Heinan Goba Vendredi, 04 Octobre 2013 16:00
L’opposition républicaine demande l’annulation pure et simple du scrutin du 28 septembre en raison des « fraudes massives qui l’ont caractérisé ». Elle se réserve le droit d’user de toutes les voies que lui reconnait la loi, y compris les manifestations de rue, pour protester au cas où sa demande ne serait pas acceptée.
« Nous ne laisserons pas le vote du peuple détourné pour des raisons purement égoïstes », a prévenu le vendredi 4 octobre 2013, au cours d’une conférence de presse, Lansana Kouyaté, leader du PEDN (Parti de l’espoir pour le développement national), apparemment écrasé par le parti au pouvoir dans la région de Kankan.
« Il faut une reprise du scrutin. Il y a eu énormément d’irrégularités et nos institutions ont été bafouées » a affirmé Jean Marie Doré de l’UPG (Union pour le progrès de la Guinée). Bien qu’arrivé en tête dans la circonscription de Lola, Jean Marie Doré dit que les choses n’ont pas empiré parce qu’il menacé le ministre de la Communication de lynchage.
« On a gagné dans plusieurs endroits mais il y a énormément de fraudes.

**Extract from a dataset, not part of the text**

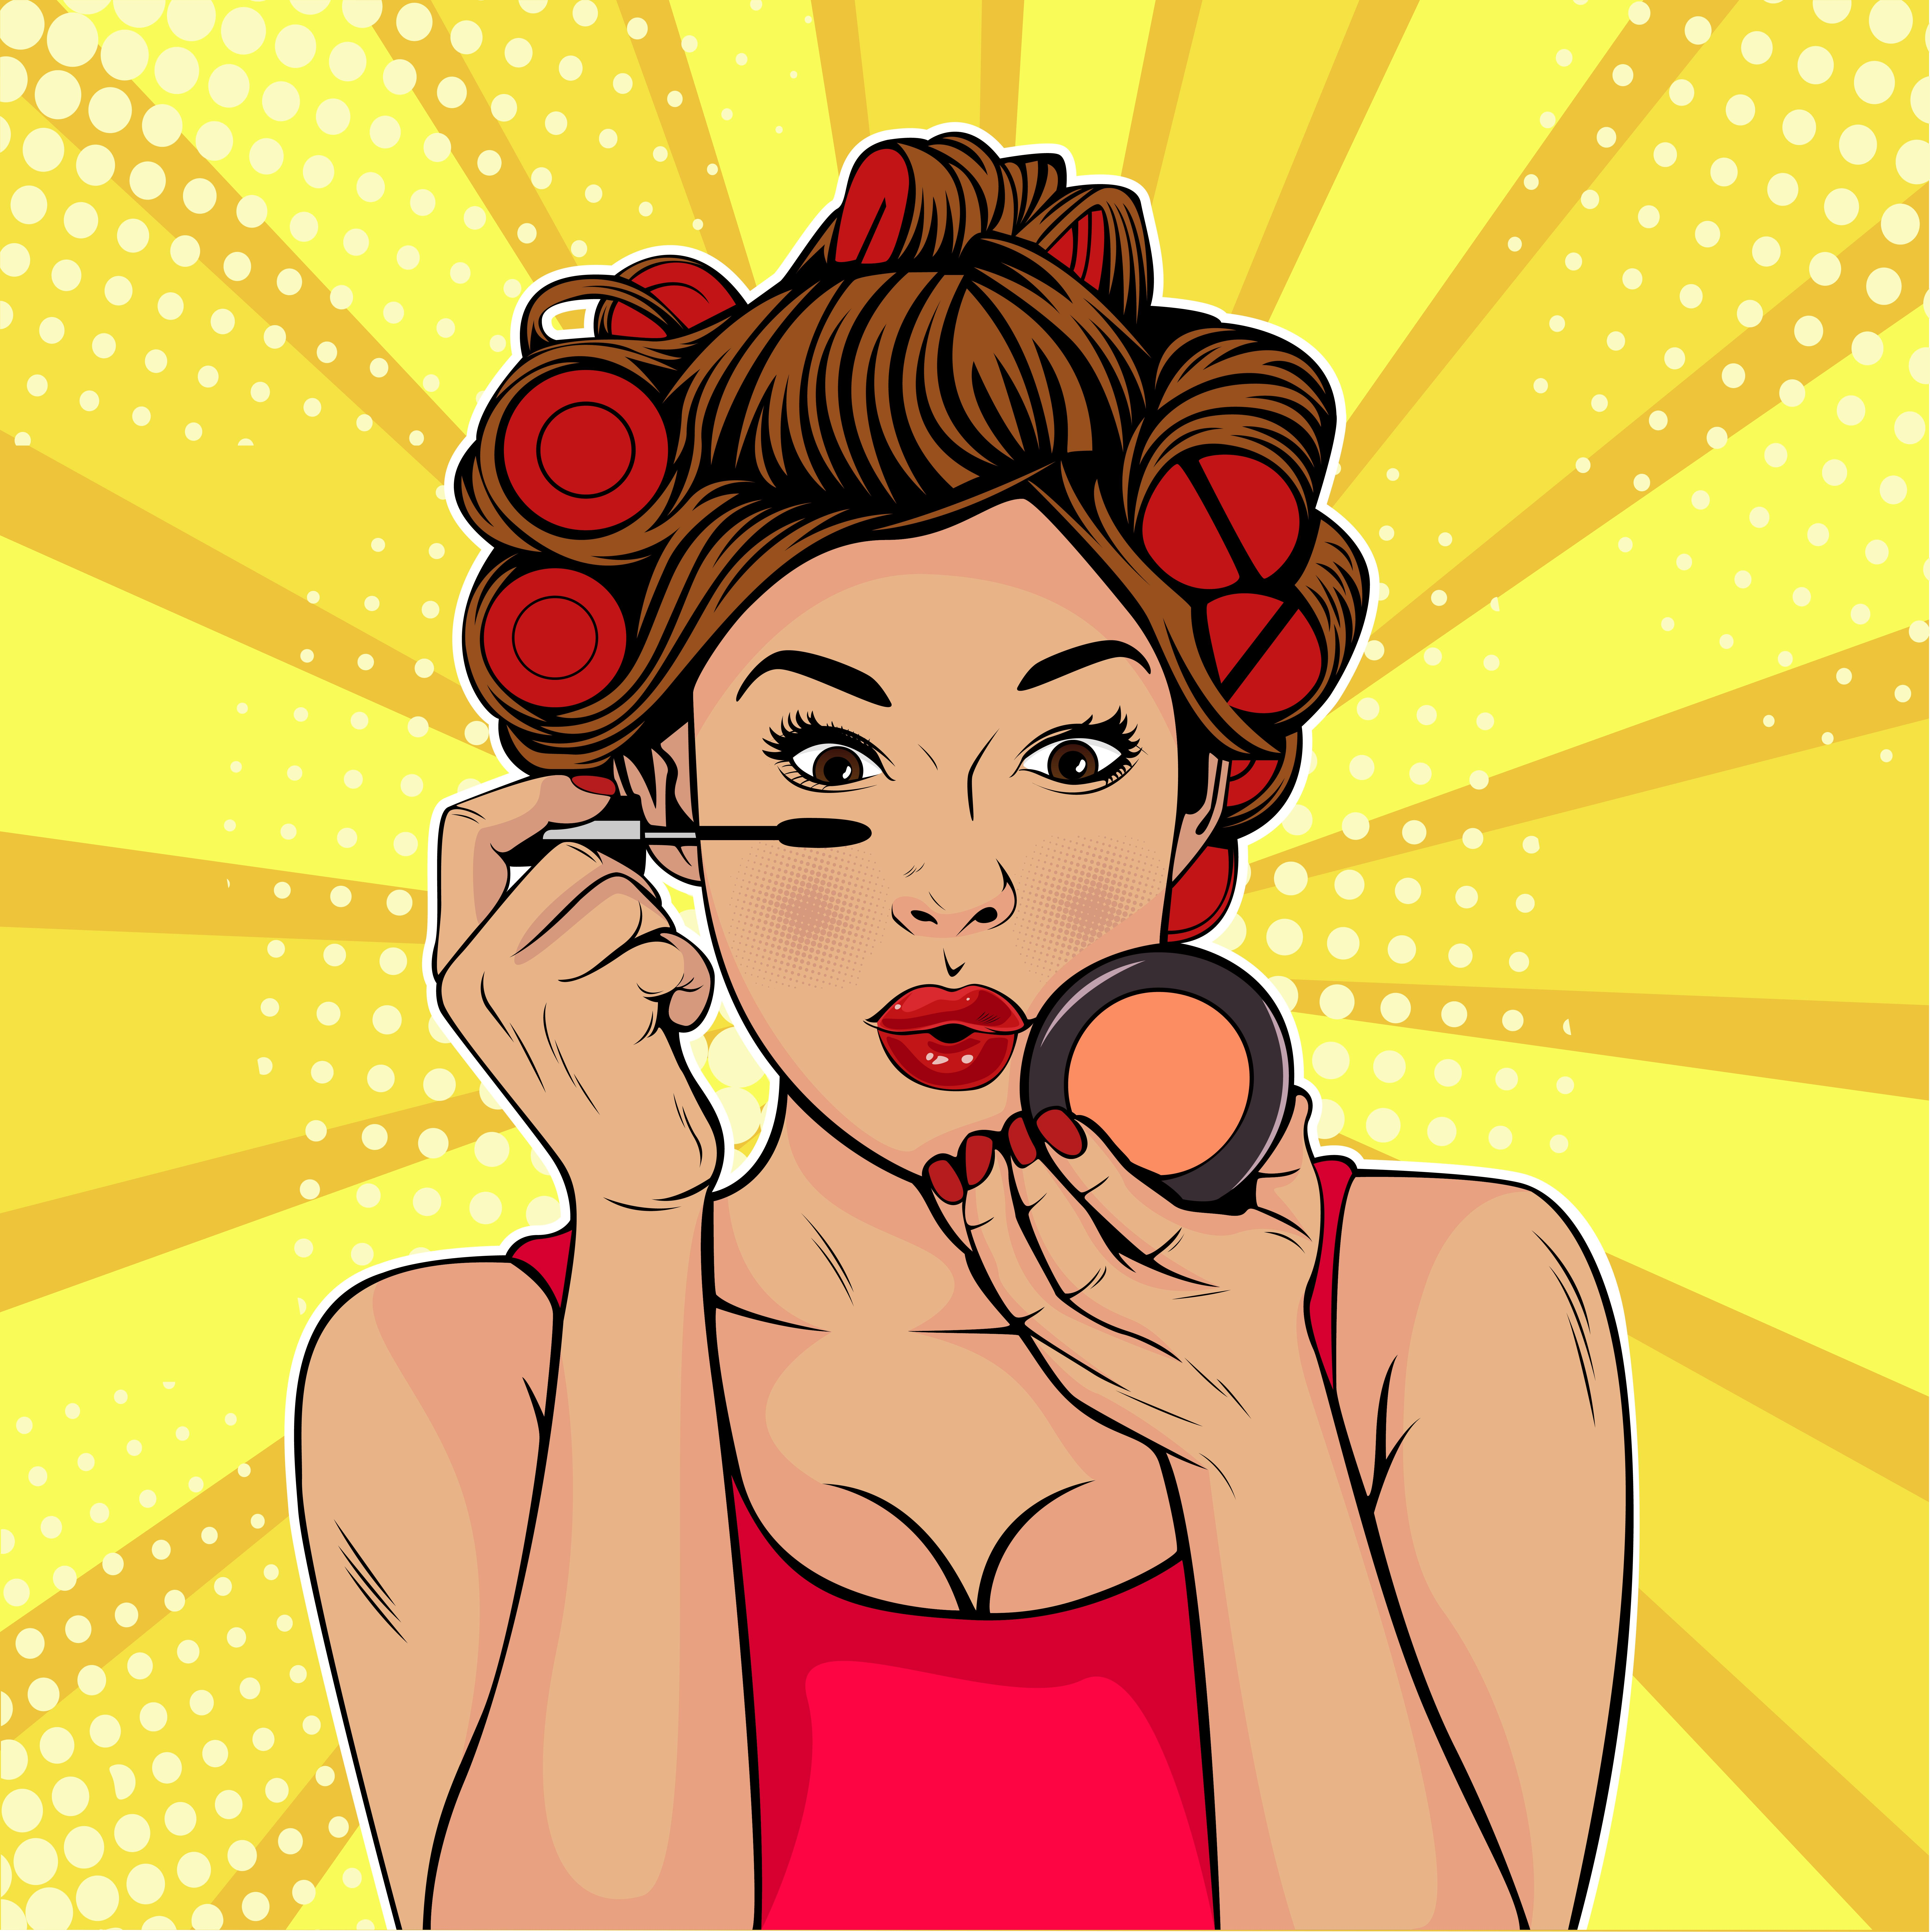 Girl Putting on Makeup Pop Art Style.

Il y a eu bourrage des urnes. Il y a eu aussi des falsifications de procès-verbaux », a dénoncé Cellou Dalein de l’UFDG tout en espérant que le pouvoir et la CENI pourront comprendre la gravité de ce qu’ils ont fait et accepter la demande d’annulation.
Pour le représentant du GPT, la fraude constatée au cours des législatives 2013 ont porté un préjudice à la jeune démocratie guinéenne. D’où l’importance de son annulation.